Janus-faced EPHB4-associated disorders: novel pathogenic variants and unreported intrafamilial overlapping phenotypes

Abstract Purpose Several clinical phenotypes including fetal hydrops, central conducting lymphatic anomaly or capillary malformations with arteriovenous malformations 2 (CM-AVM2) have been associated with EPHB4 (Ephrin type B receptor 4) variants, demanding new approaches for deciphering pathogenesis of novel variants of uncertain significance (VUS) identified in EPHB4, and for the identification of differentiated disease mechanisms at the molecular level. Methods Ten index cases with various phenotypes, either fetal hydrops, CM-AVM2, or peripheral lower limb lymphedema, whose distinct clinical phenotypes are described in detail in this study, presented with a variant in EPHB4. In vitro functional studies were performed to confirm pathogenicity. Results Pathogenicity was demonstrated for six of the seven novel EPHB4 VUS investigated.
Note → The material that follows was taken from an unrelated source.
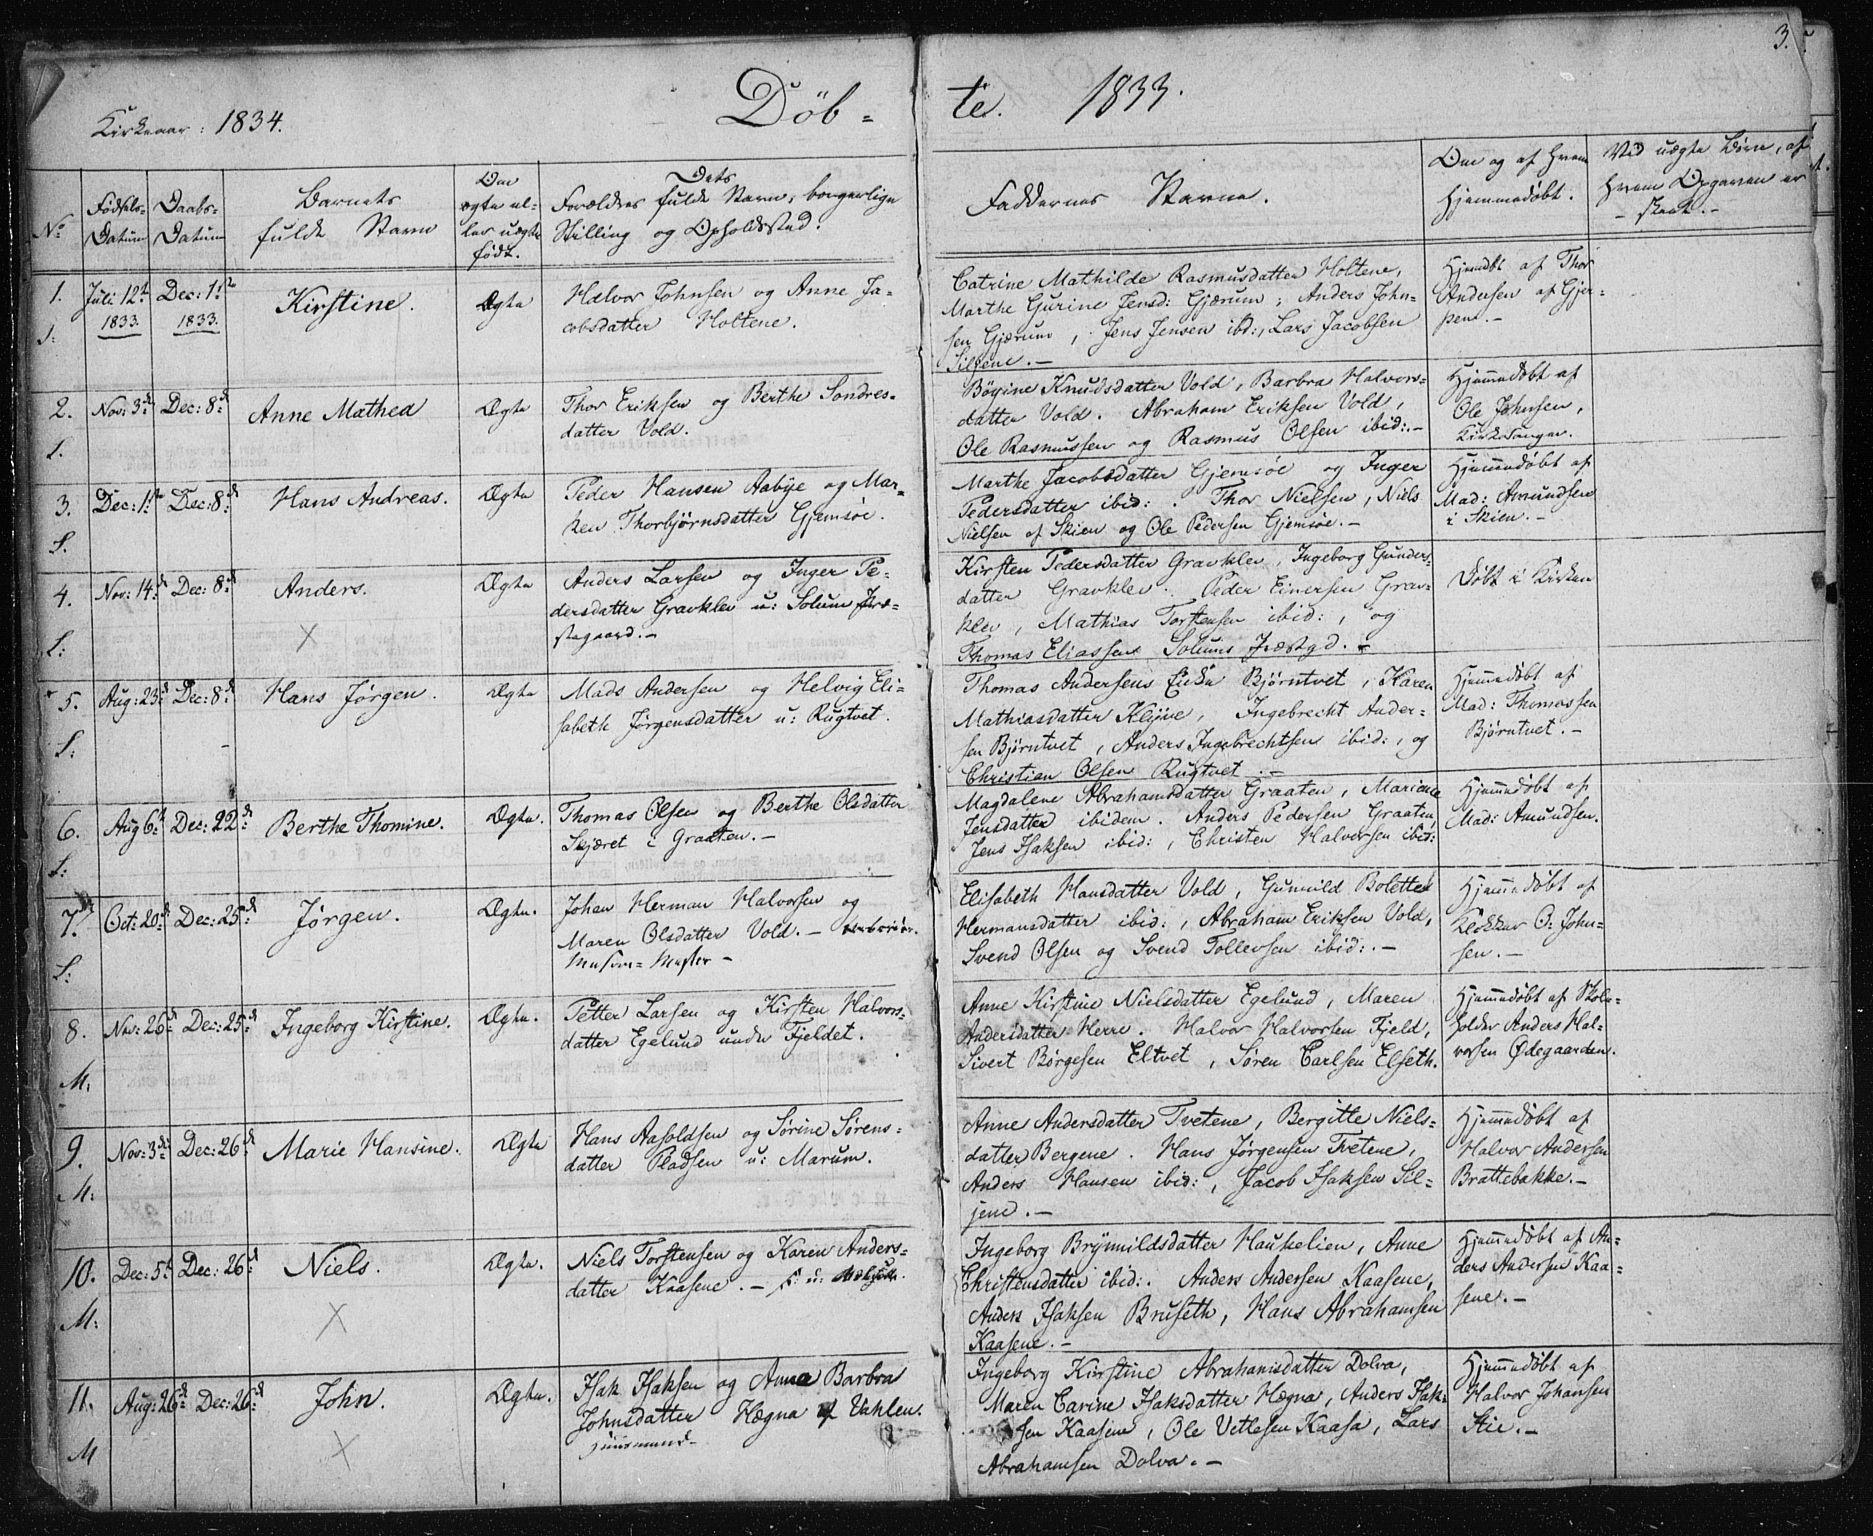 SAKO, Solum kirkebøker, F/Fa/L0005: Ministerialbok nr. I 5, 1833-1843, s. 3

A heterogeneity of molecular disease mechanisms was identified, from loss of protein production or aberrant subcellular localization to total reduction of the phosphorylation capability of the receptor. There was some phenotype–genotype correlation; however, previously unreported intrafamilial overlapping phenotypes such as lymphatic-related fetal hydrops (LRFH) and CM-AVM2 in the same family were observed. Conclusion This study highlights the usefulness of protein expression and subcellular localization studies to predict EPHB4 variant pathogenesis. Our accurate clinical phenotyping expands our interpretation of the Janus-faced spectrum of EPHB4-related disorders, introducing the discovery of cases with overlapping phenotypes.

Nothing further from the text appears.